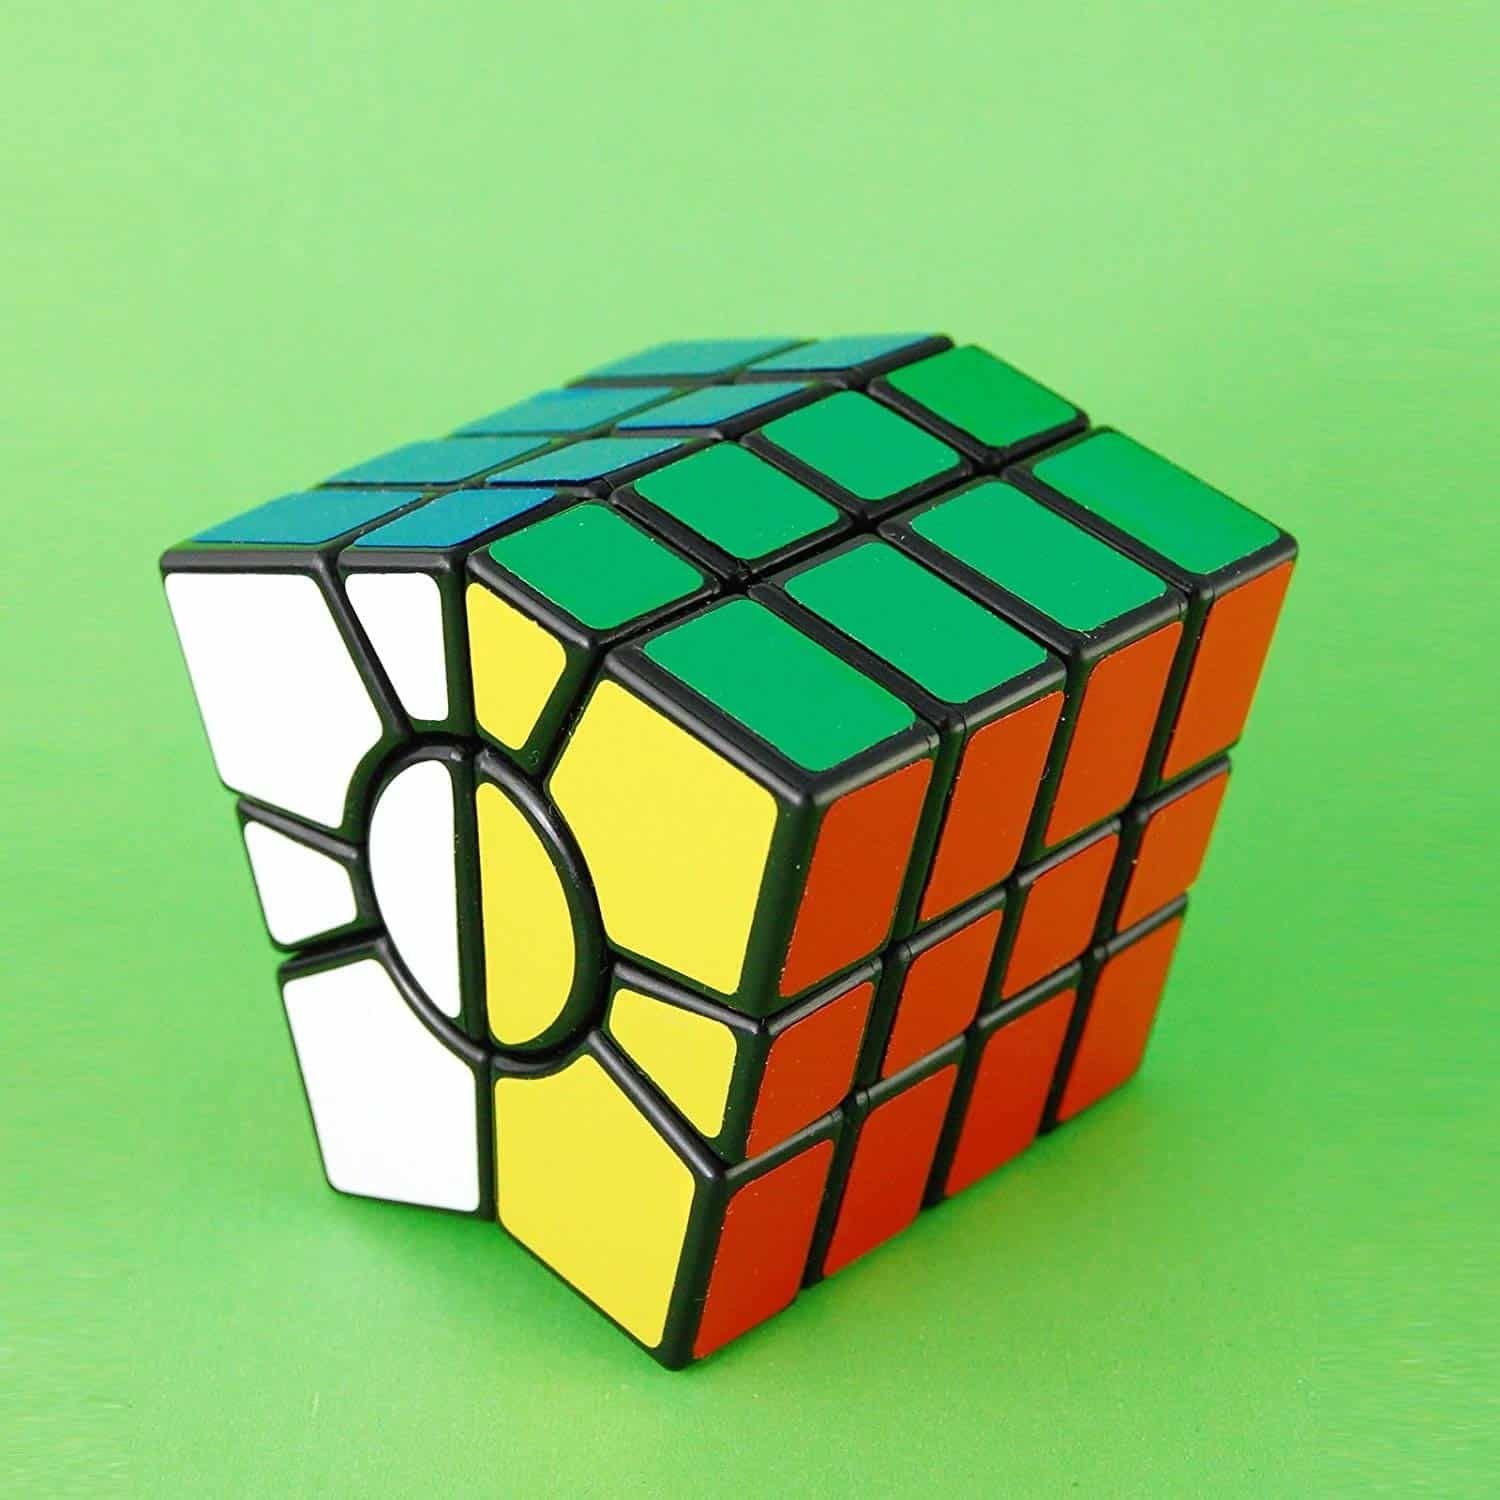 Кубик рубика 1488. Кубик Рубика 23x23. Кубик Рубика ПЕТАМИНКС. Rubix Cube 3x3. 12x12 кубик Рубика.
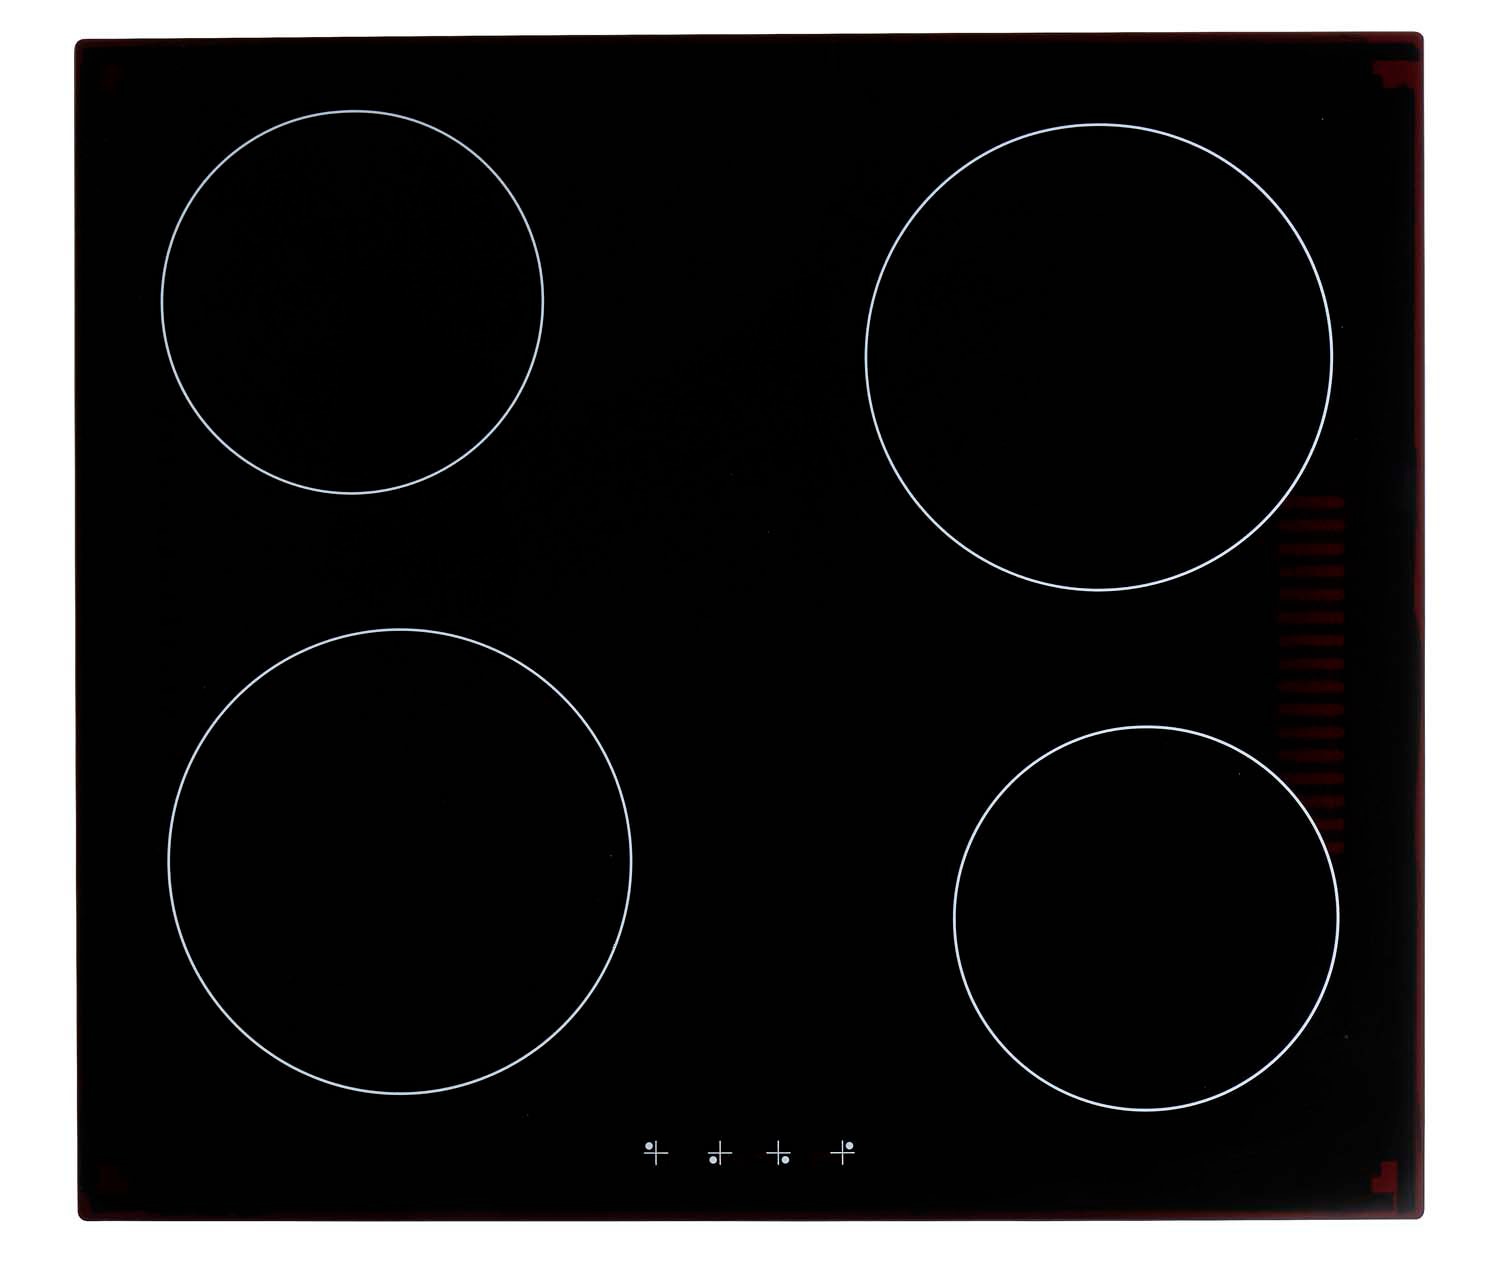 HELD MÖBEL Küchenzeile »Mailand«, mit Elektrogeräten, Breite 270 cm
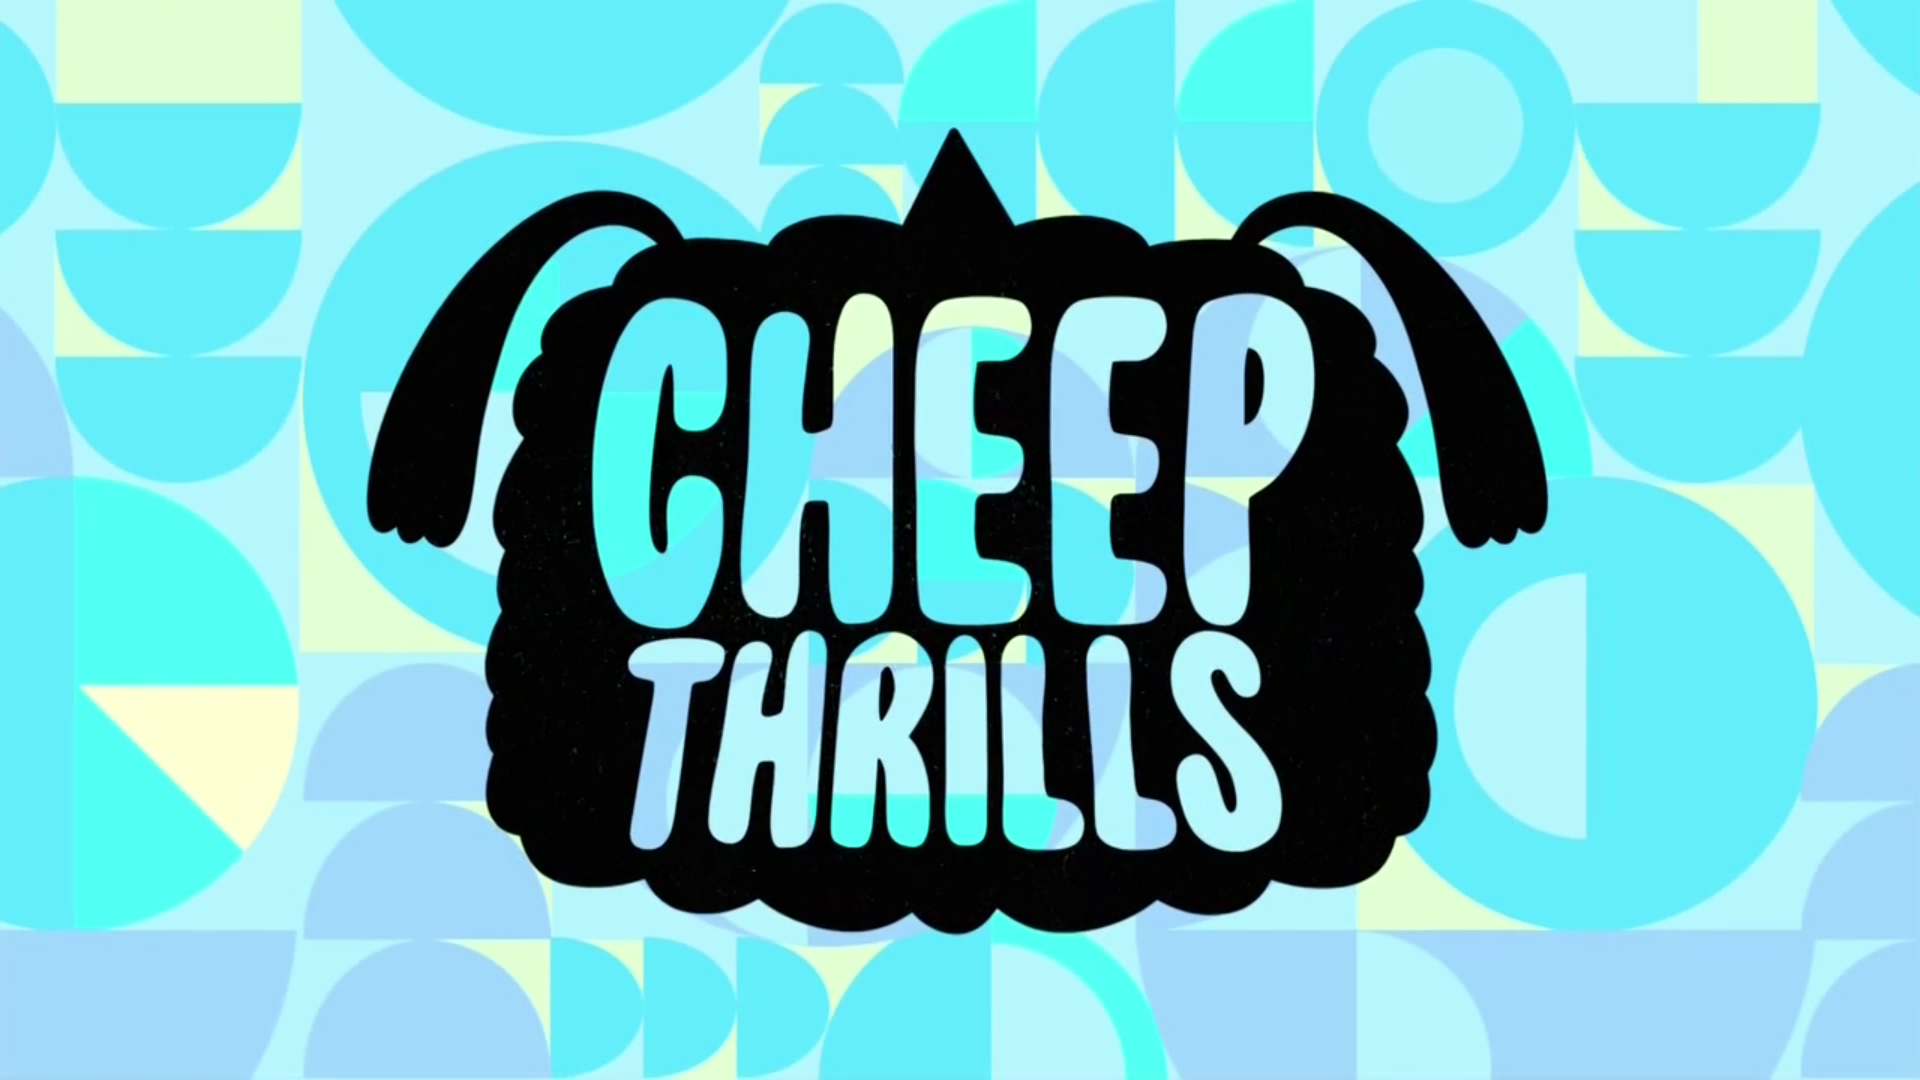 24 серия 1 сезона Cheep Thrills
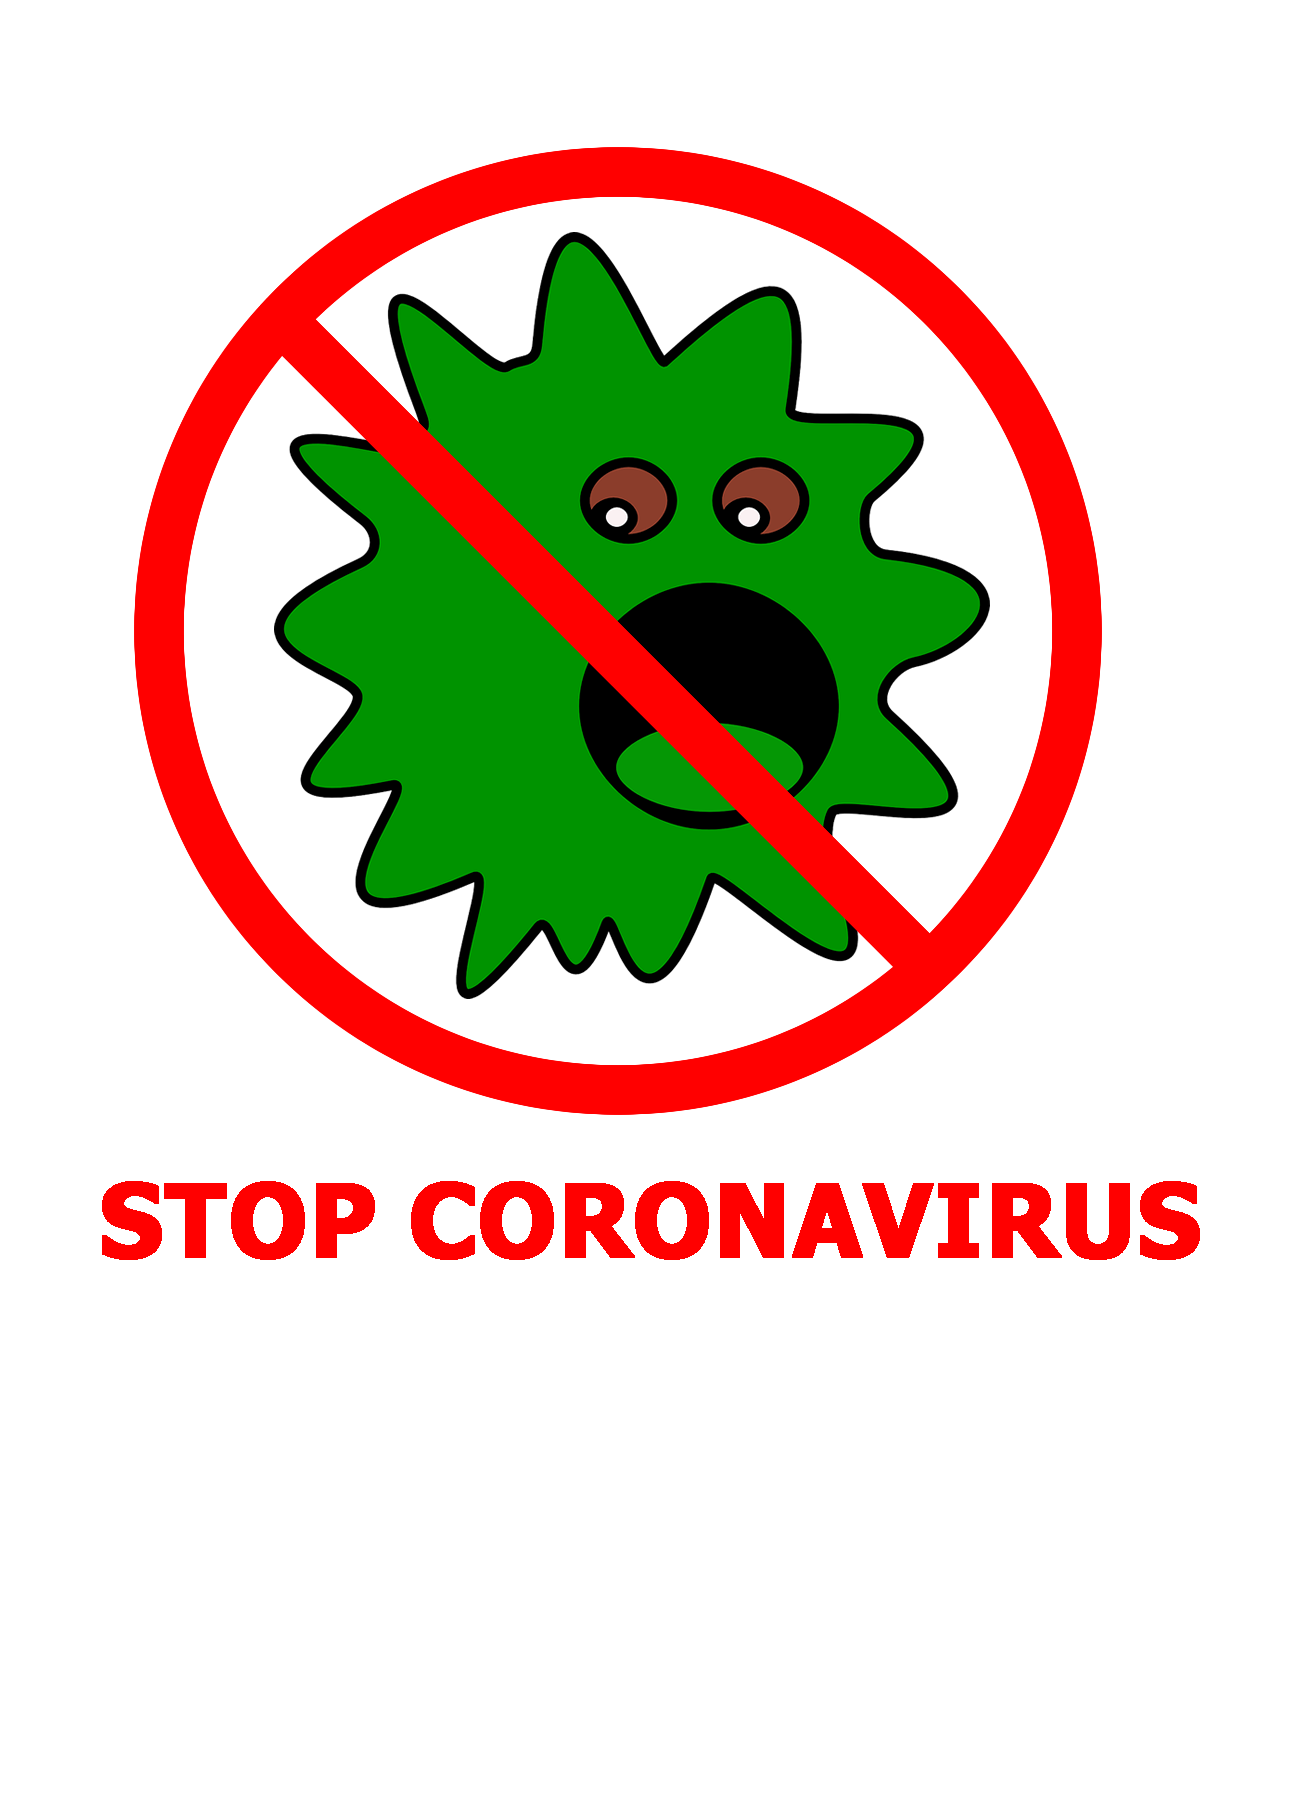 หยุดไวรัสคราวน์ตัวใหม่!

--

**ACTIVITY:** Quote exactly the lines from the one that contains "HELD MÖBEL Küchenzeile" through the end of the listing above, both ends included, leaving out the pictures.

**PROBLEM SOLUTION:**
 HELD MÖBEL Küchenzeile »Mailand«, mit Elektrogeräten, Breite 270 cm
 24 серия 1 сезона Cheep Thrills
 หยุดไวรัสคราวน์ตัวใหม่!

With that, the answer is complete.